Por un momento, Roulette odió a aquellos buscadores de emociones con sus rostros insulsos y normales y su petulante suficiencia. «Ojalá se os pegue», pensó con malicia. «Que Dios os maldiga a todos». Pero el pensamiento iba destinado realmente a Josiah. A él, que había jurado que la amaría y la cuidaría y en cambio la había abandonado en el momento en que más le necesitaba. Por lo visto, el sentimiento de culpa de un blanco liberal no era suficiente para lidiar con una mujer que tenía el virus wild card. Podía ser contagioso. Y podía imaginarse a su antigua suegra sentada en medio del remilgado esplendor de su mansión de Newport, bebiendo té y discutiendo cómo «no importaba lo mucho que trabajaras con una de estas chicas “negras”, se malograban muy a menudo. Muchas veces sencillamente estaban demasiado deformadas y llenas de cicatrices, físicas y mentales, por la opresión del hombre blanco como para entrar en la sociedad blanca. ¿No era una pena? Ay…».
«Pero lo más seguro es que quemara las sábanas y todos y cada uno de los muebles de la casa recuperada después de divorciarme de su hijo. ¡Zorra santurrona e hipócrita!»

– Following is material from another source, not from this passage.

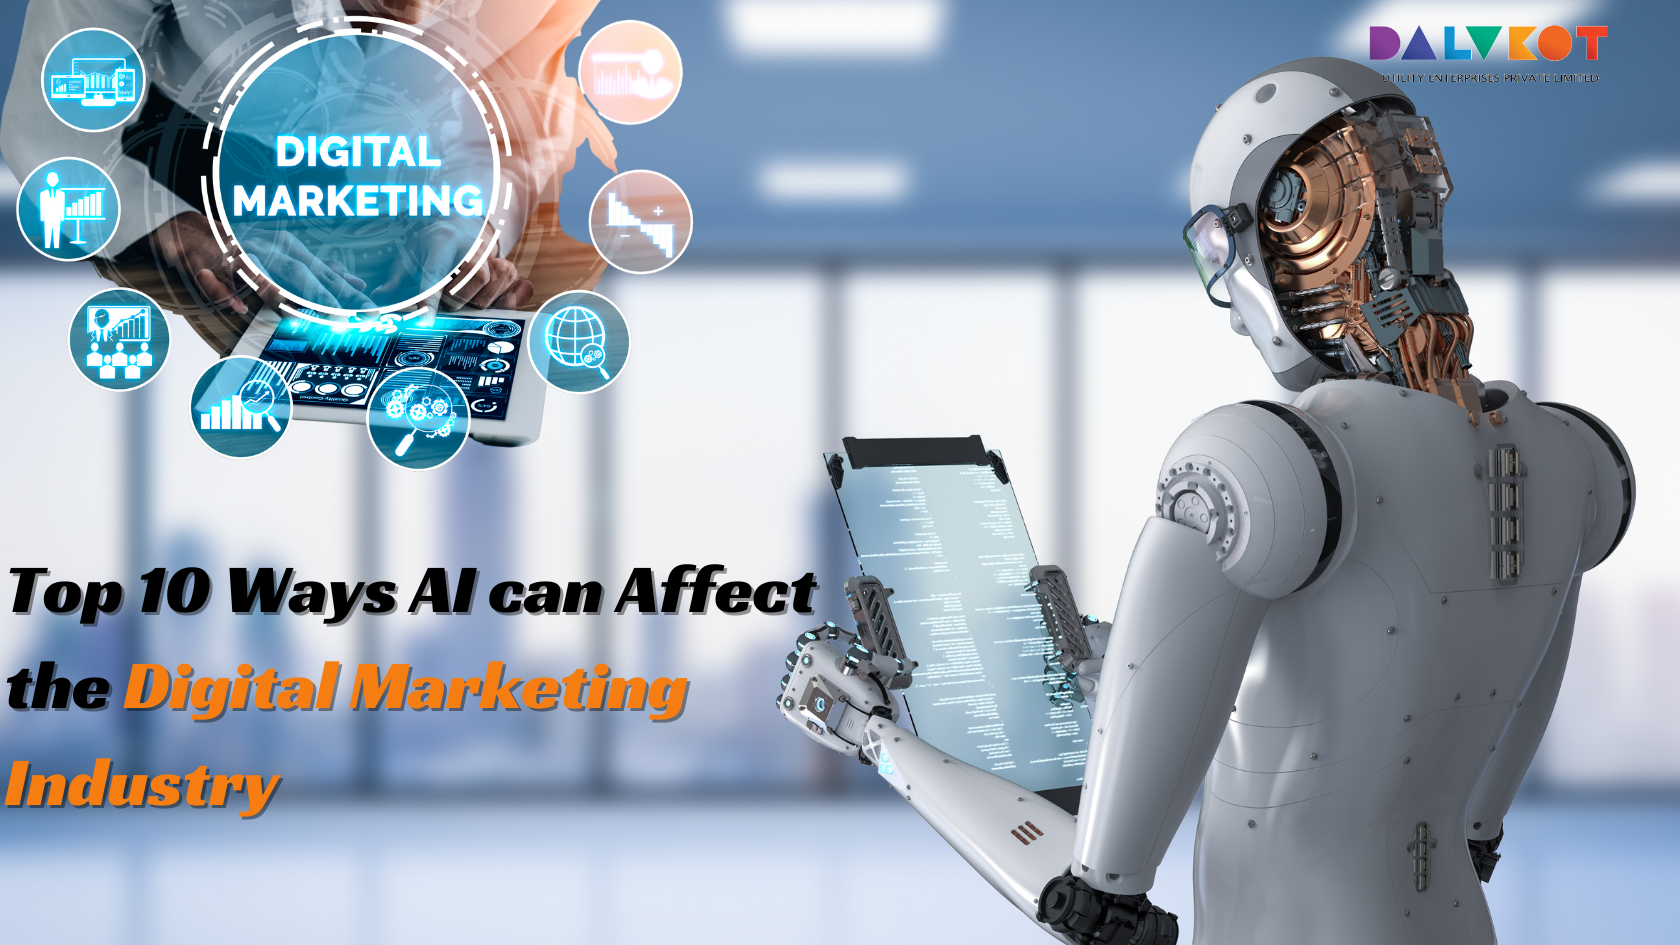 What are the top 10 Ways AI can Affect the Digital Marketing Industry

Roulette se dio cuenta de que había estado andando a ciegas, abriéndose paso a golpe de hombros entre el gentío que llenaba las calles de Jokertown. El sonido de los martillos y las grapadoras resonaba en el aire ya sofocante de la mañana, gritos de saludos e insultos de los atareados jokers que instalaban casetas para el largo día de fiesta, el aroma de comida (buena y mala) flotaba por encima del aire cargado por los tubos de escape. Más arriba, un pequeño avión privado zumbaba tirando de una larga pancarta que decía «DE JOKER A AS. RESULTADOS GARANTIZADOS. LLAME AL 555-9448».
En otra esquina, la Iglesia de Jesucristo Joker tenía un puesto ya en marcha y repartía panfletos a cualquiera que pudieran parar. Sus resultados también estaban garantizados, en la otra vida. «Acosados por todas partes», pensó Roulette. «Charlatanes aquí y en el más allá. Esperanza desesperada. Bueno, mi gente puede hablaros de eso, y nada se vuelve más fácil hasta que una minoría nueva y menos popular ocupa tu lugar. Y no concibo que surja jamás una minoría más impopular y horrible que los jokers, pobres idiotas».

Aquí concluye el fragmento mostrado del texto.